FT TOP 100 FILMS
18: THE SEVEN SAMURAI

Martin Skidmore says:

Someone started a thread some time ago on ILE trying to cast considerable suspicion on people who ‘claim’ this is their favourite movie. It is my favourite movie.

It’s not my favourite because of its sophisticated and rich examination of feudal Japan, and the roles of peasantry and unemployed samurai, or ronin, an approach that looks far beneath the traditional mythologising. It’s not for the beauty and layering and artistry of the compositions, those three-levelled scenes Kurosawa sets up so neatly. It is not so that I can sneer at fans of The Magnificent Seven, its cowboy remake, which is itself a good film. It’s not because this is a great foreign art film, worthy of our respect and admiration.

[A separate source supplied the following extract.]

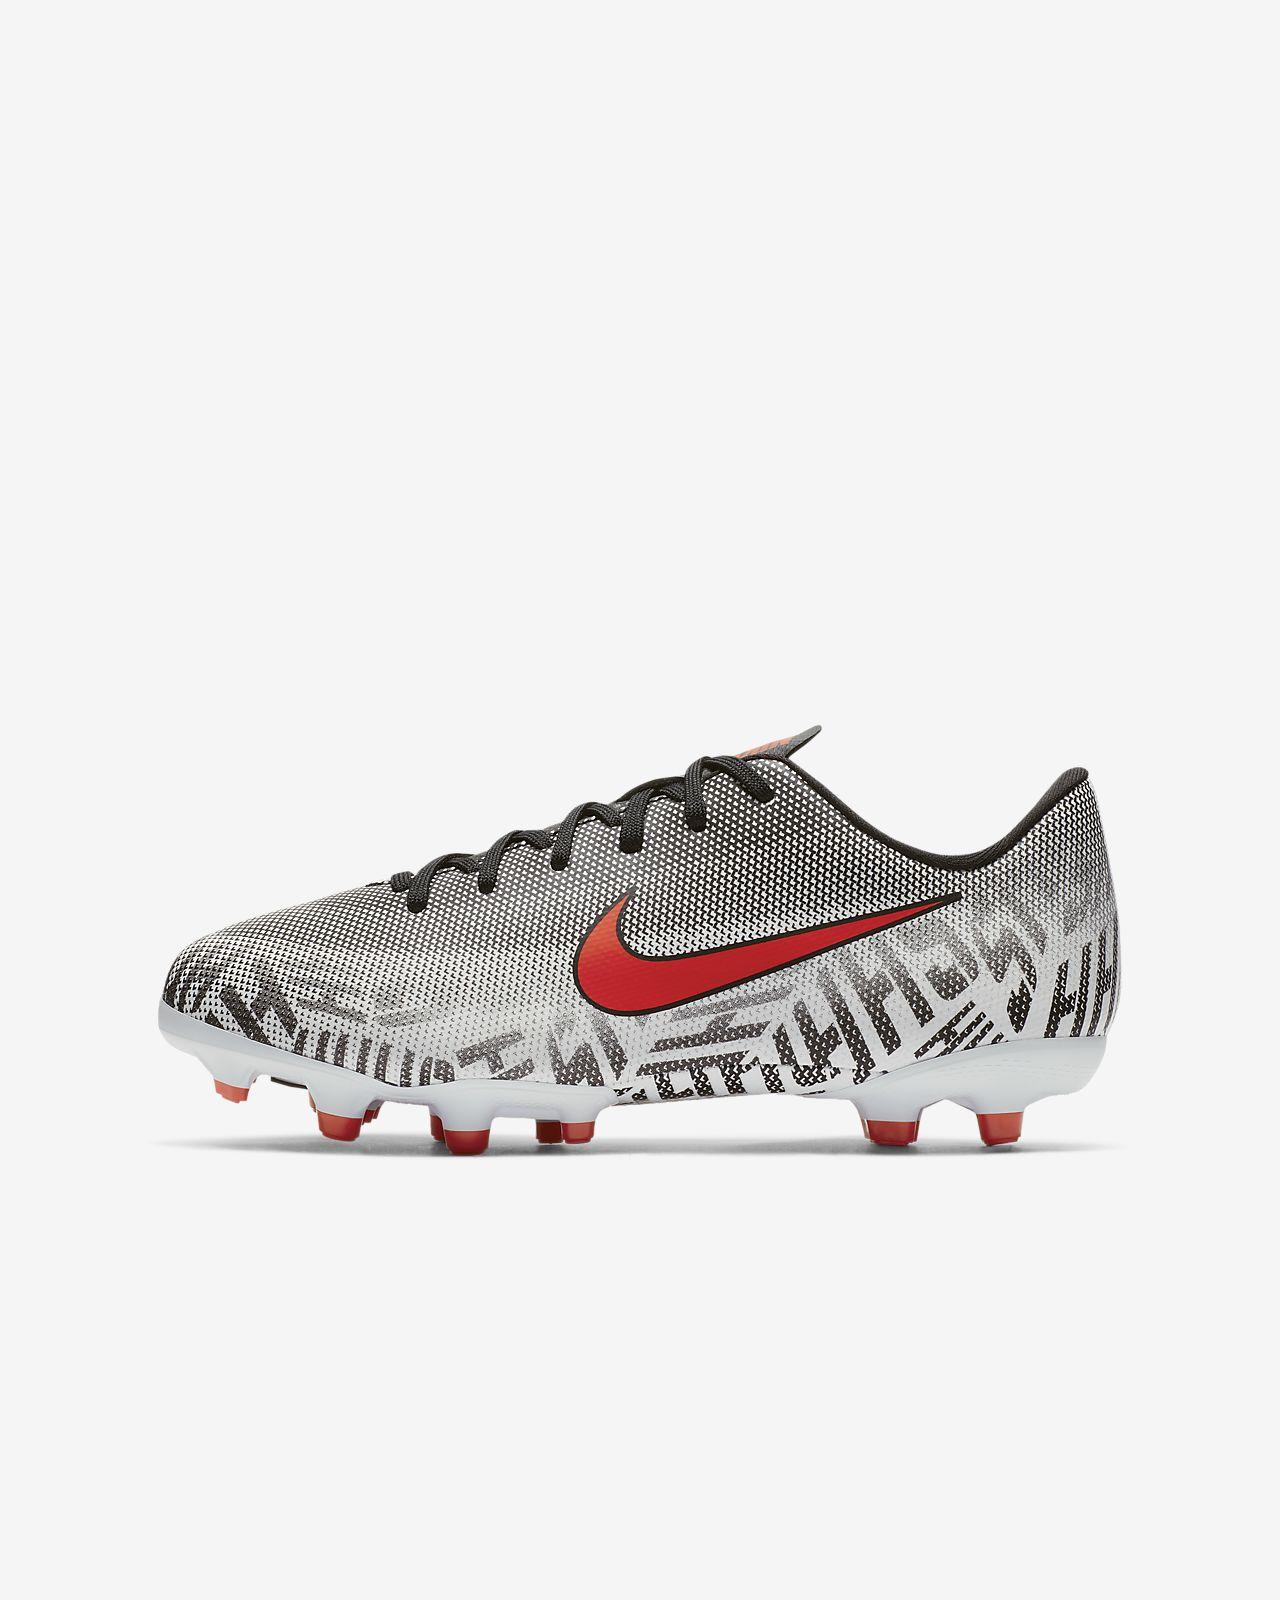 ff0c82a9f589e ... Nike Jr. Mercurial Vapor XII Academy Neymar Jr Botas de fútbol para  múltiples superficies -

I love this film so much because it moves and excites me. It wasn’t made as an art movie: it was a pretty mainstream film in Japan, a samurai thriller – it’s no more an art film than were John Ford’s or Howard Hawks’ westerns, and these are far better comparisons than Renoir, and especially than another Japanese giant such as Ozu. It’s a film of huge vigour and energy, emotional and kinetic. It has one of the biggest, most colourful and powerful and memorable performances I’ve ever seen, from Toshiro Mifune as the common-man samurai. It sets up a dangerous situation for an isolated village threatened by bandits; the villagers struggle to put together a group of warriors to protect them (I always enjoy these building-a-team sequences, and every character here gets a good introduction); the team make their plans and build their defences and train the villagers; and then the attack comes, and they face up to it in a titanic, extended action sequence, in torrential rain, the characters slipping and falling in the mud, dying in the dirt. You don’t have to give a damn about art movie values to find this an immensely thrilling and unforgettable movie.